Print version ISSN 0254-9212

Abstract

BEDOYA GARLAND, Eduardo; ARAMBURU, Carlos  and  LOPEZ DE ROMANA, Anel. Coca Cultivation in the Huallaga and VRAE: A Comparative Approach to Productive Systems and the Impact on Forests (1978-2003). Anthropologica [online]. 2023, vol.41, n.50, pp.139-166.  Epub July 08, 2023. ISSN 0254-9212.  http://dx.doi.org/10.18800/anthropologica.202301.006.

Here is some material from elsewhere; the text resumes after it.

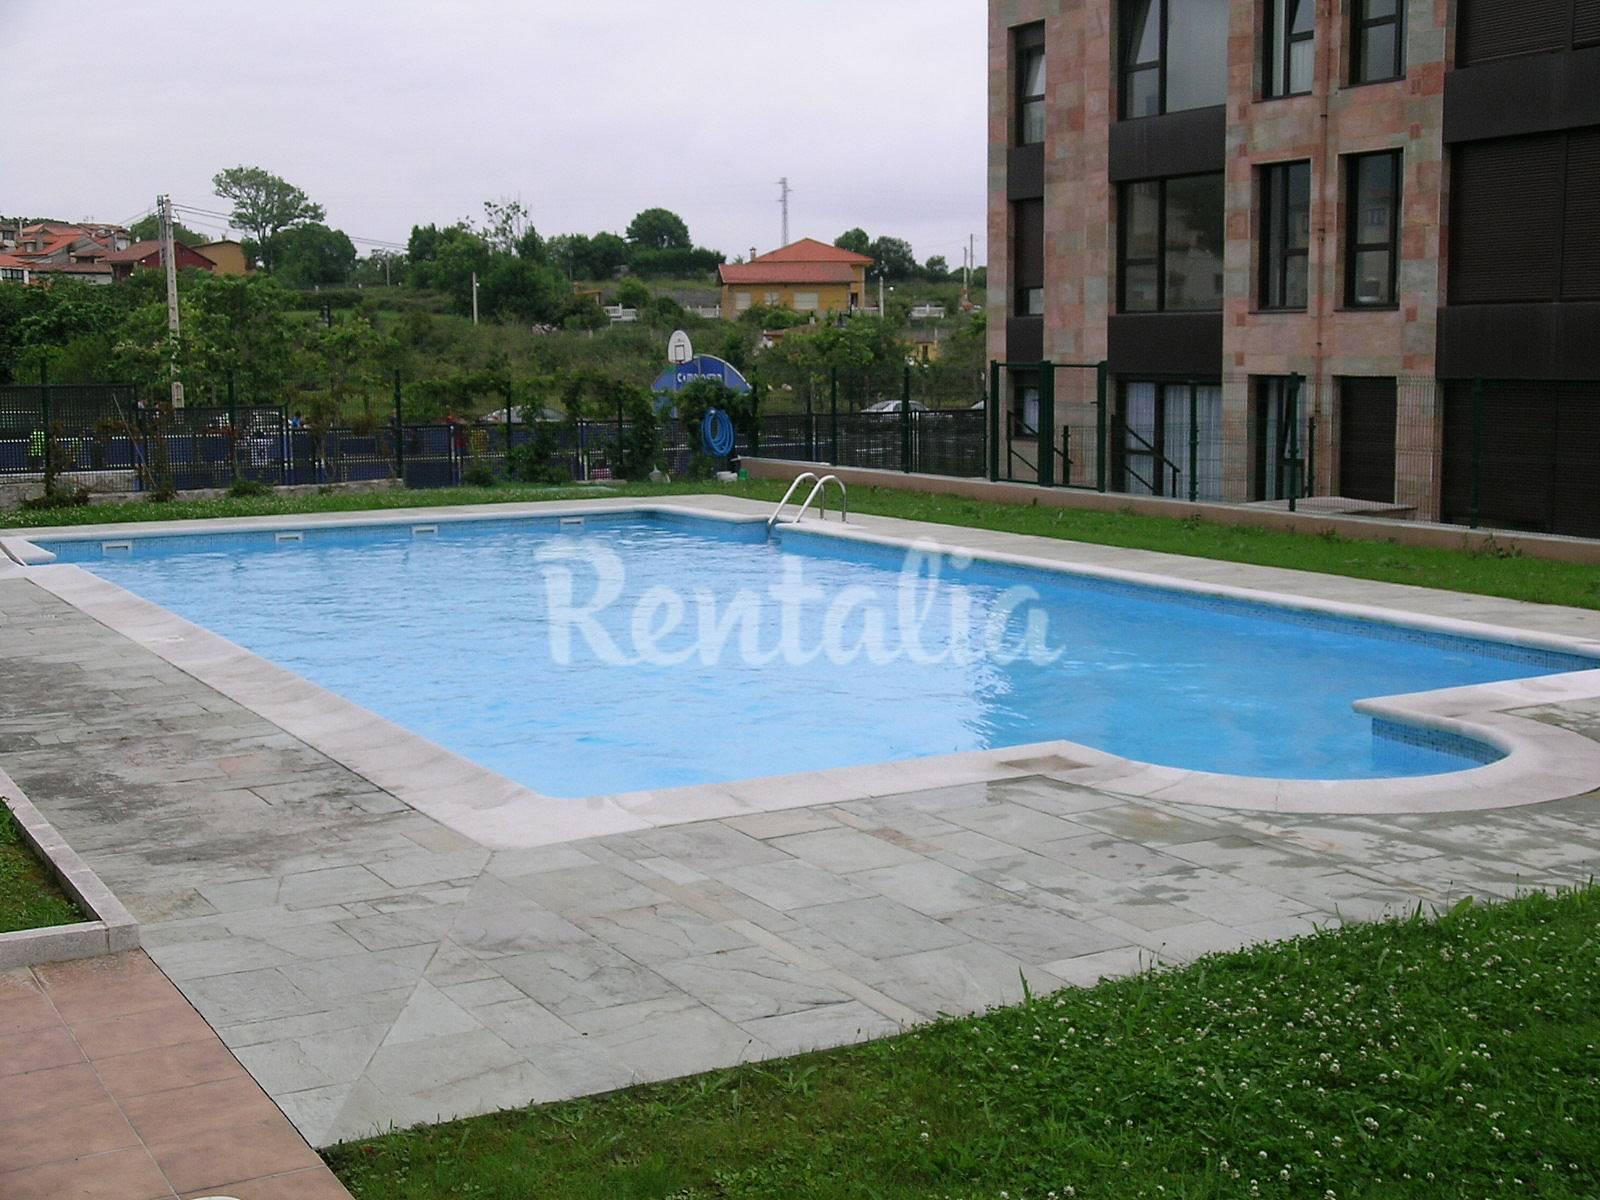 Apto en celorio llanes con piscina 300 m playa celorio for Piscinas trobajo del camino

Drawing on two studies and surveys carried out in the Upper Huallaga in 1981 and the VRAE in 2001, both located in the upper Peruvian amazon basin, this paper seeks to describe and analyze the historical and economic conditions under which coca cultivation for illicit purposes expanded in both regions. In this sense, it describes how this history shaped an inefficient and destructive migratory agriculture. Although the periods analyzed in each case are different, with a difference of twenty years between one and the other, the information we have is sufficiently valuable to establish a useful and valuable comparison. These are the two Amazonian regions that had the largest extension of coca plantations at the national level during the study period. When coca expanded in the Upper Huallaga, there was already a much more intense social and economic history of articulation with the market and modernity than in the VRAE. That is, although the contexts and socio-environmental histories of each basin were quite different, the similarities in productive strategies remained significant. Coca, as a plantation or permanent crop planted in relatively small areas, did not eliminate the shifting agriculture practiced by most Andean settlers in the high jungle. From time to time, coca growers abandoned their plantations in the phase of decreasing yields, in search of new lands and fertile soils within their own properties or in more distant areas, reproducing the slash-and-burn method.

Keywords : Amazon basin; tropical colonization; shifting agriculture; coca; deforestation.